**WORK ITEM:** Leave the pictures out and repeat the rest of the data below exactly.

** THE DATA follows **

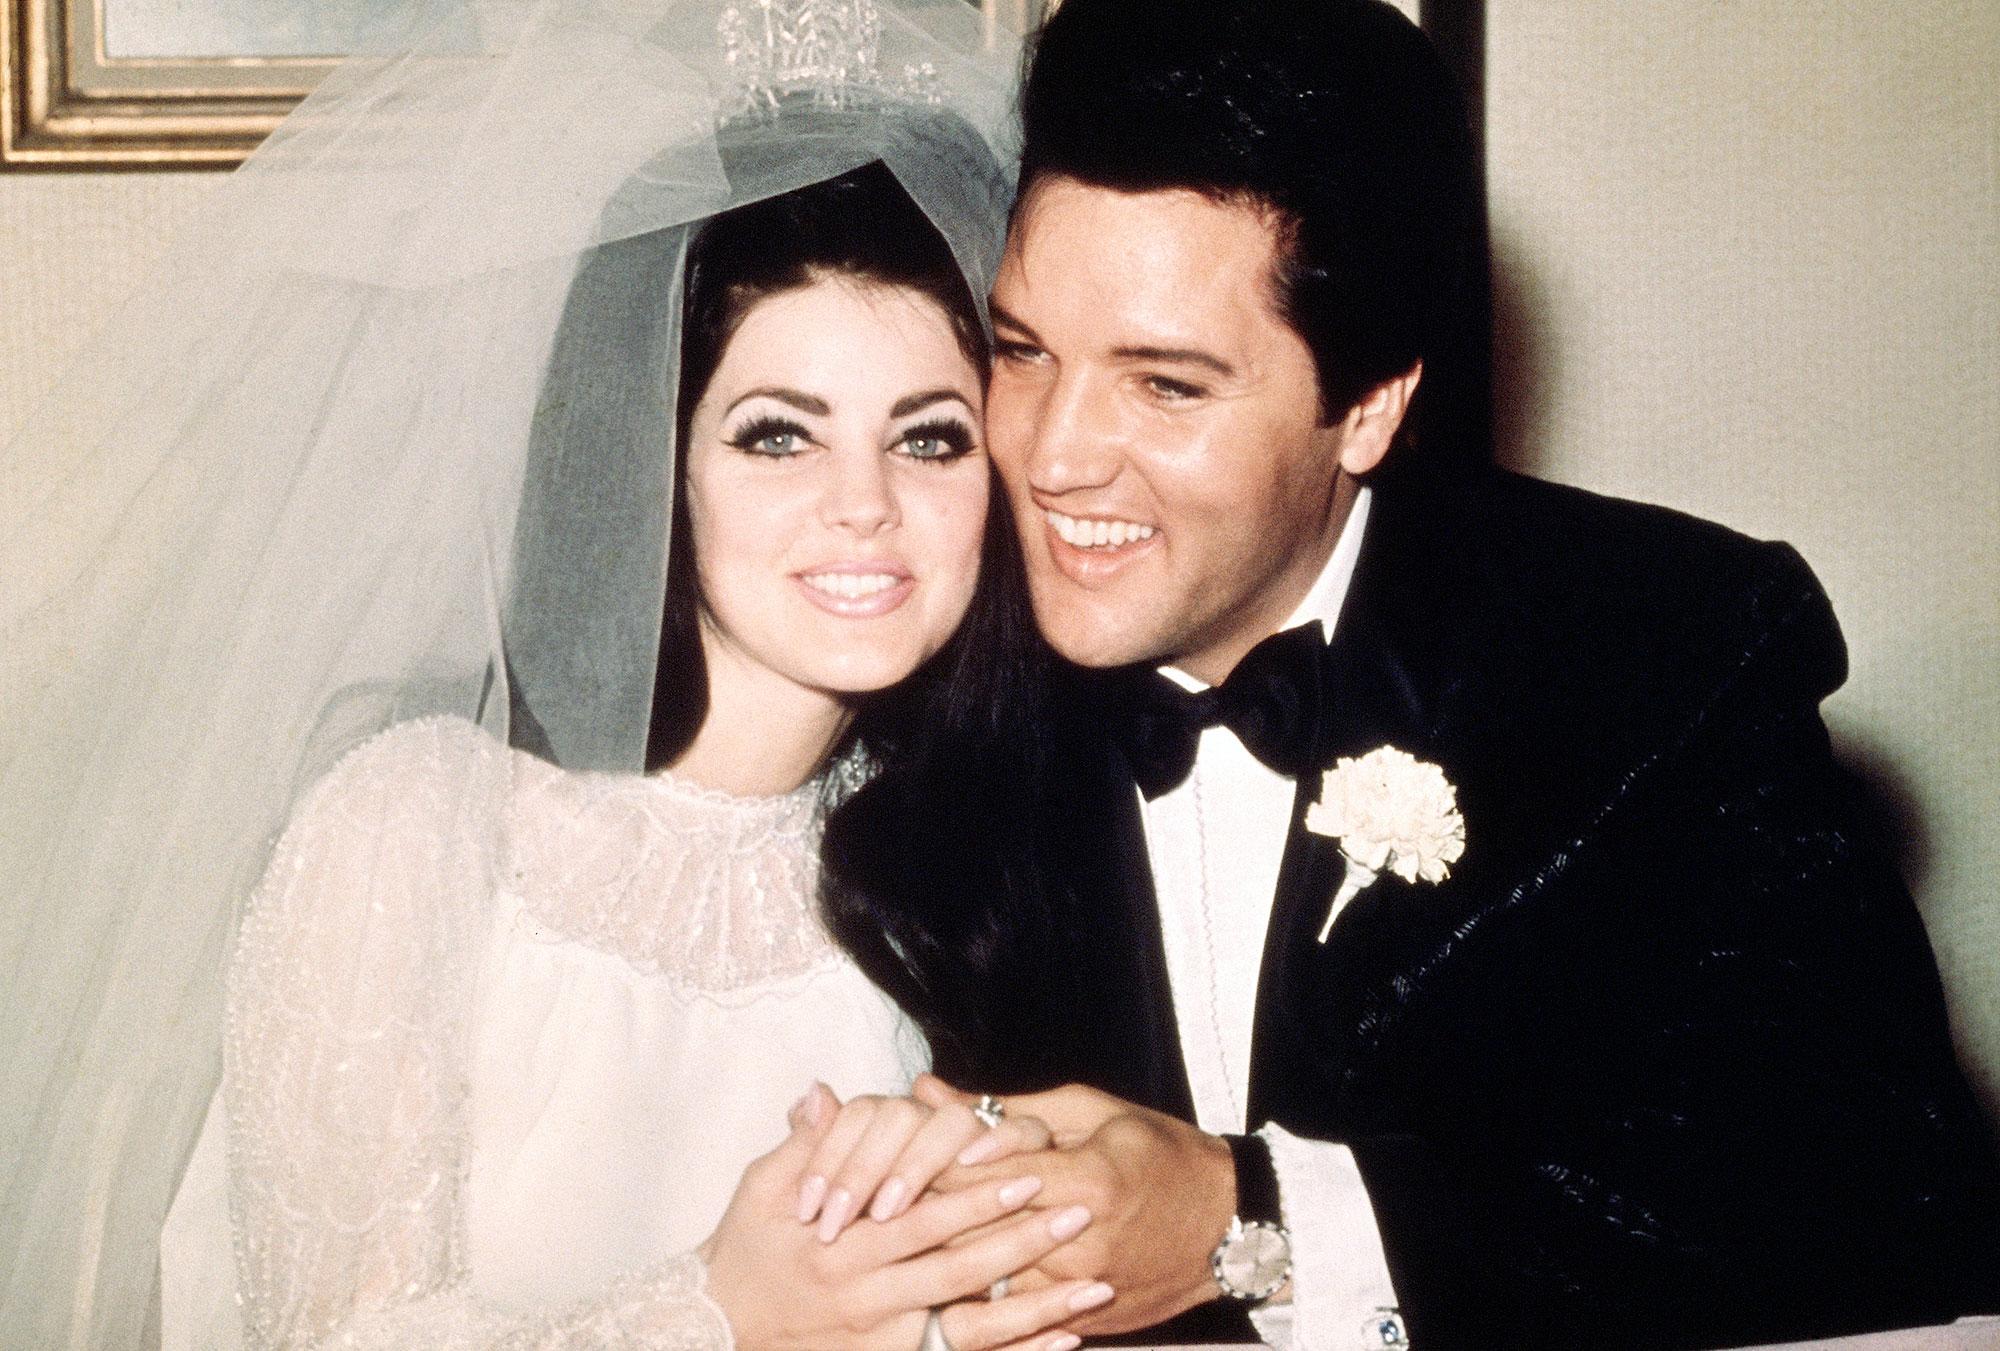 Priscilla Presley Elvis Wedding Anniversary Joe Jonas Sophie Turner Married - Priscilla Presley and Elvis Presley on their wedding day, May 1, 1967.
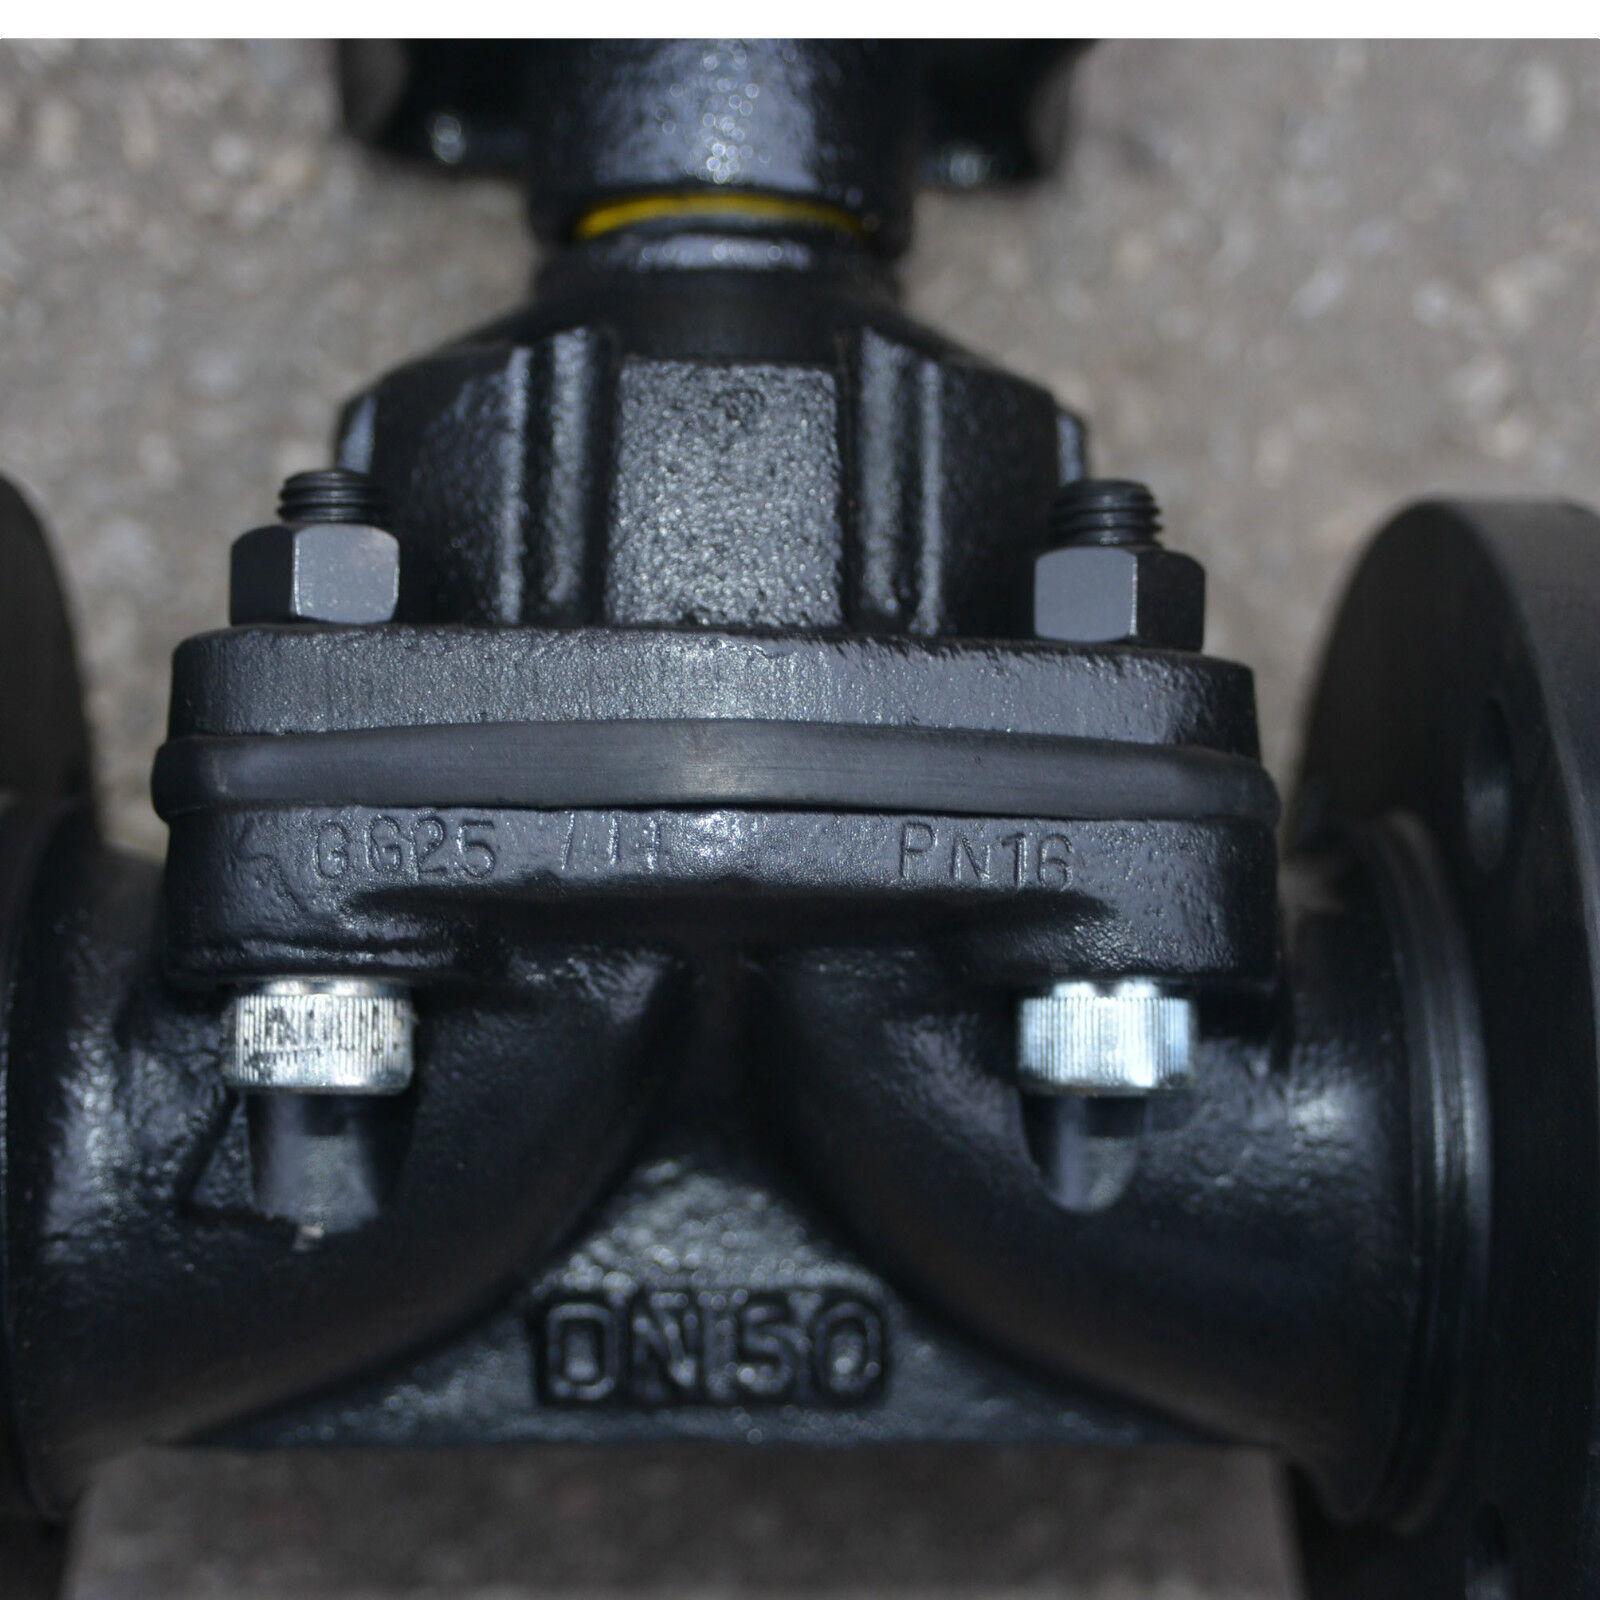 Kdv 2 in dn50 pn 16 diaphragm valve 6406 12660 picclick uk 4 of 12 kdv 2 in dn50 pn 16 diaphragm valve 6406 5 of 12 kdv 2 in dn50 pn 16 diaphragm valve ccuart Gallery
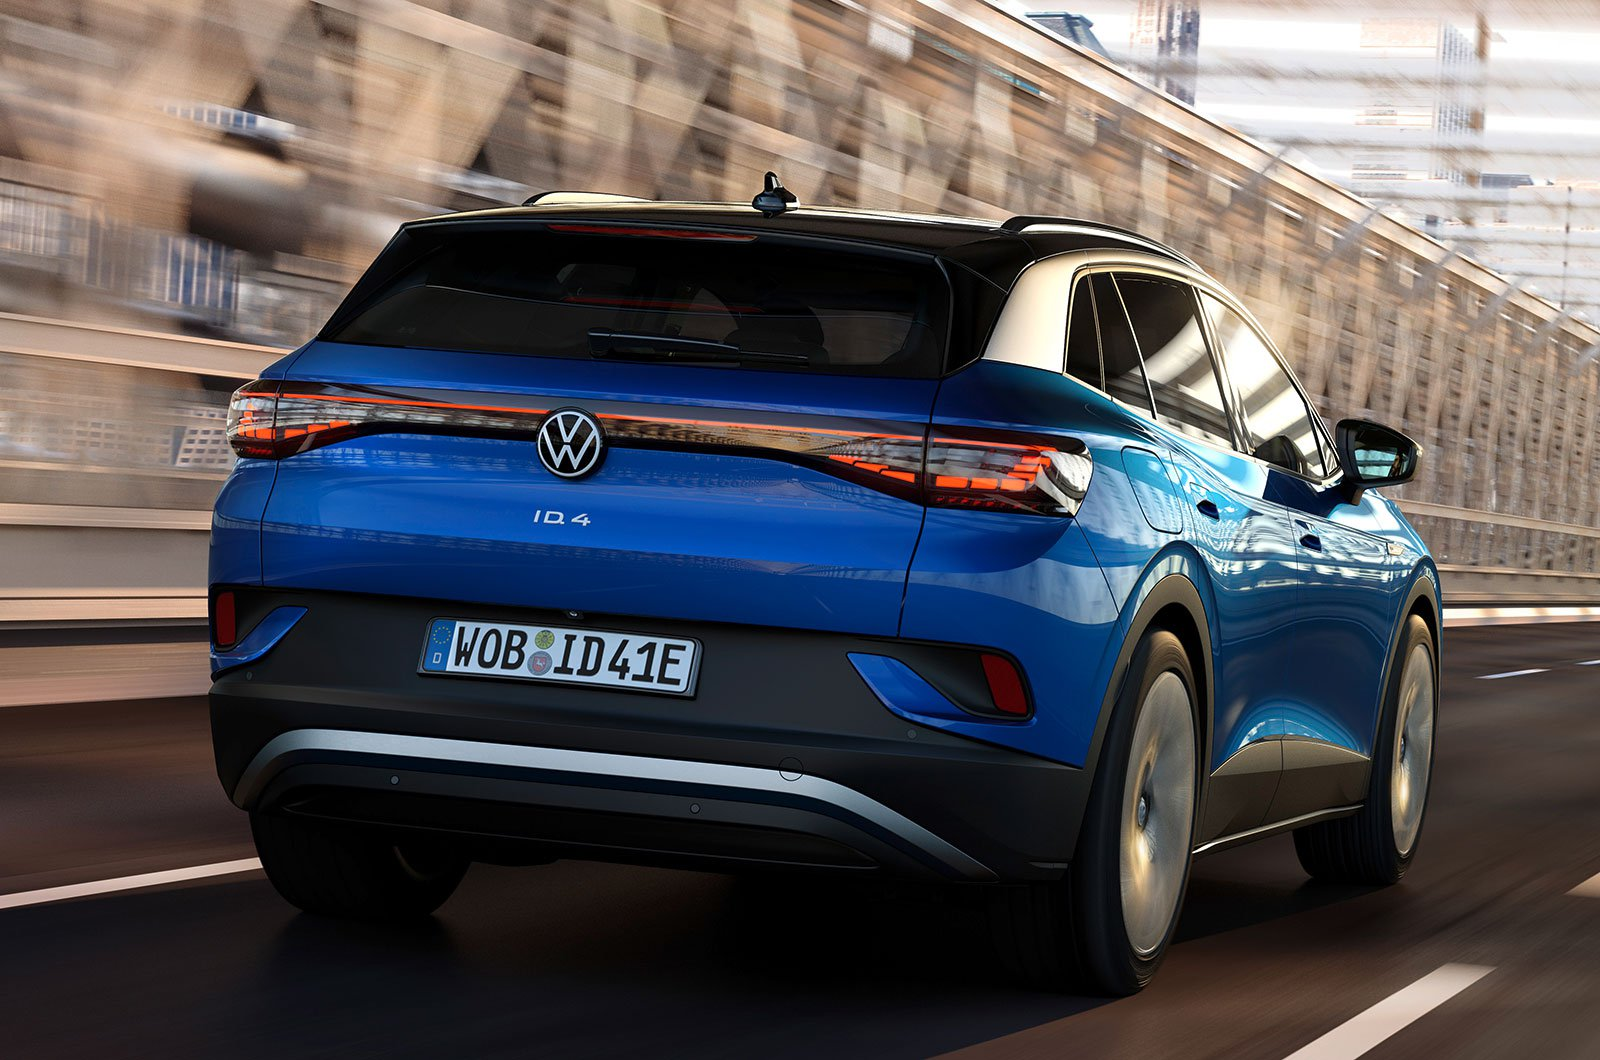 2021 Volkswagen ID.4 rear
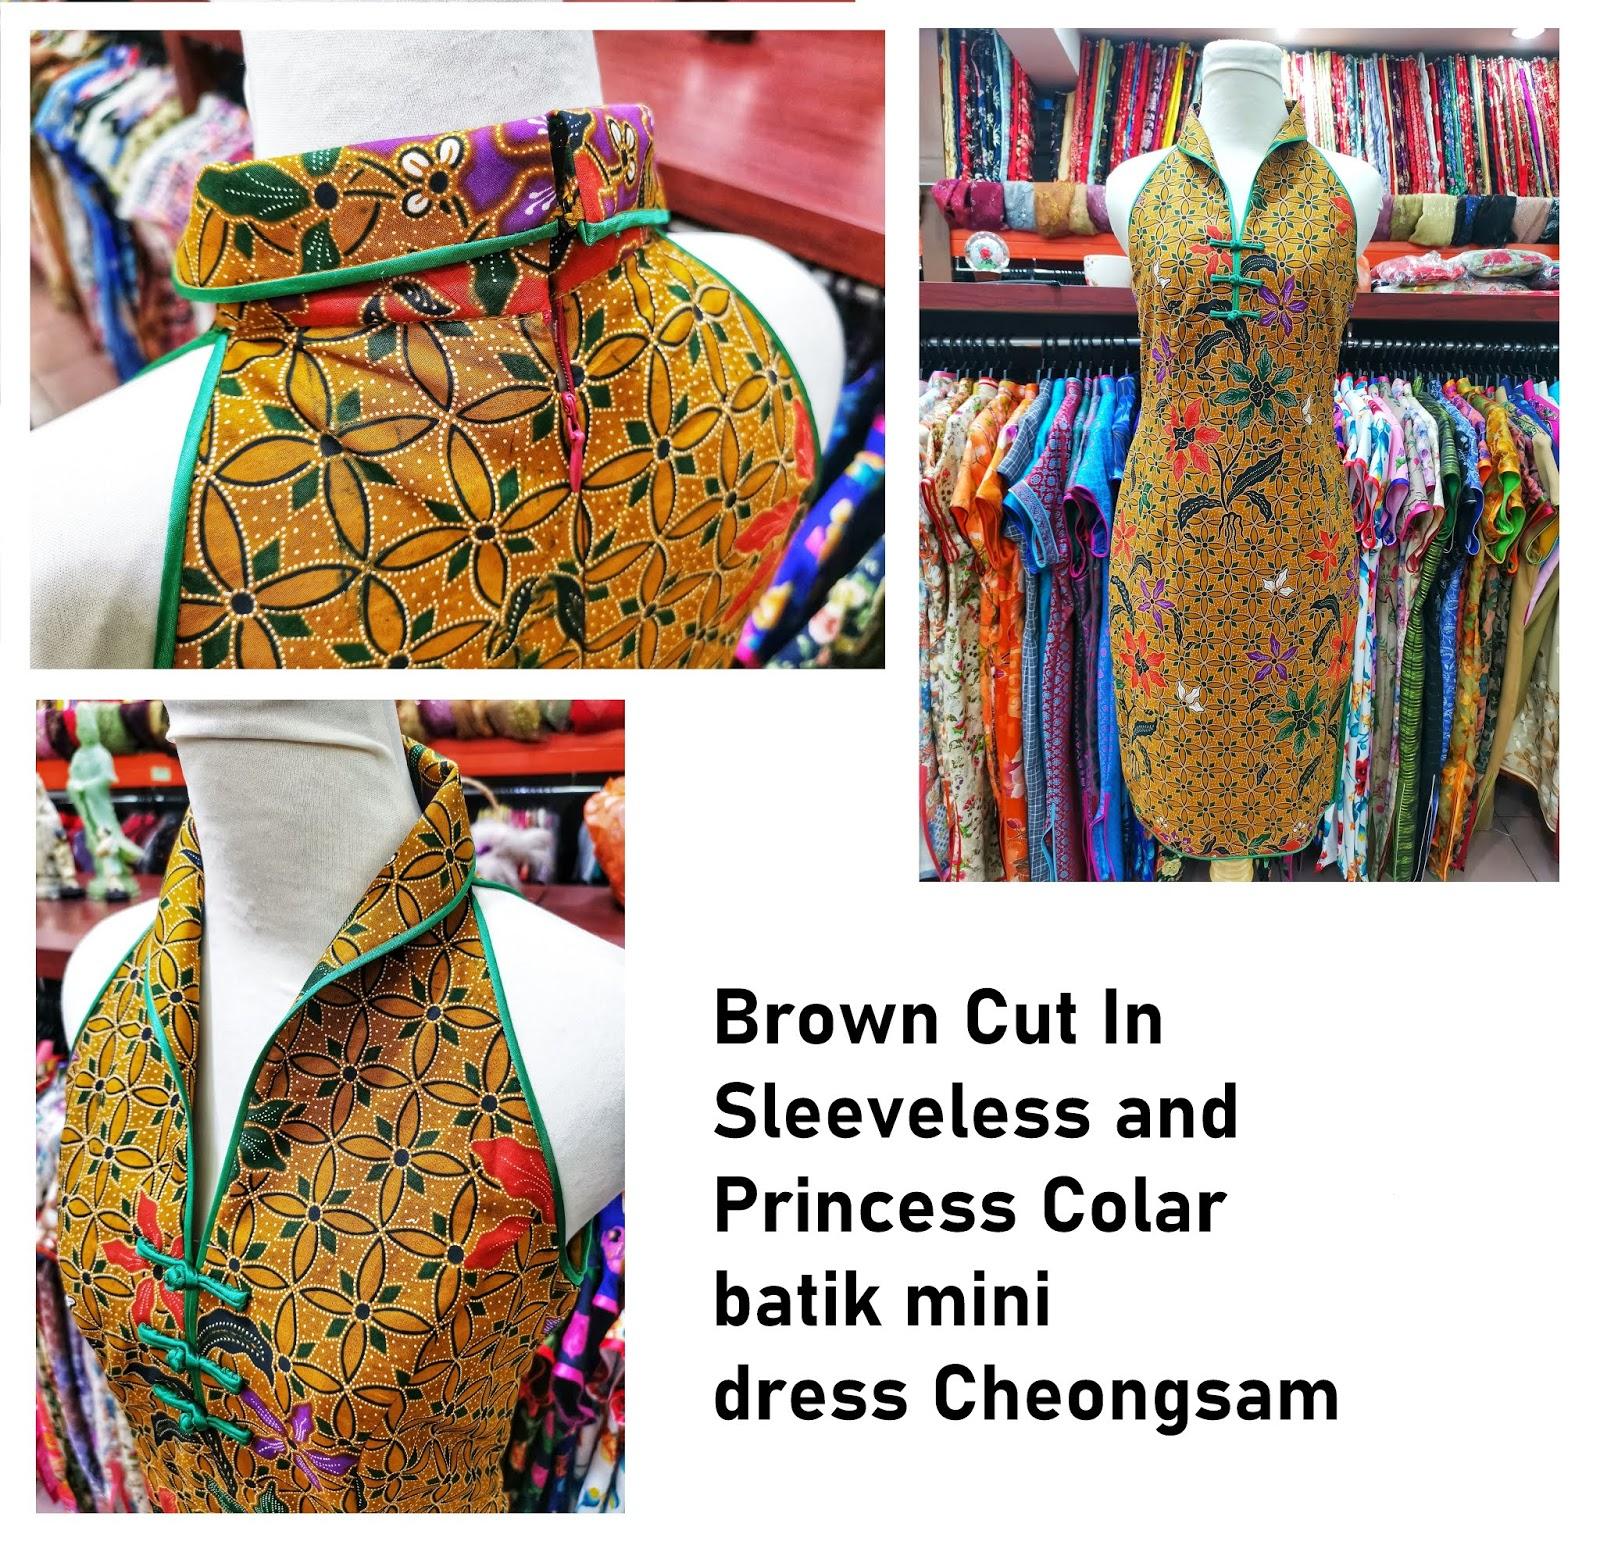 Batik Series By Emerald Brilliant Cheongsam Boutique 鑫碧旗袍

** End of THE DATA **

**SOLUTION TO THE PROBLEM:**
 Priscilla Presley Elvis Wedding Anniversary Joe Jonas Sophie Turner Married - Priscilla Presley and Elvis Presley on their wedding day, May 1, 1967.
 Kdv 2 in dn50 pn 16 diaphragm valve 6406 12660 picclick uk 4 of 12 kdv 2 in dn50 pn 16 diaphragm valve 6406 5 of 12 kdv 2 in dn50 pn 16 diaphragm valve ccuart Gallery
 2021 Volkswagen ID.4 rear
 Batik Series By Emerald Brilliant Cheongsam Boutique 鑫碧旗袍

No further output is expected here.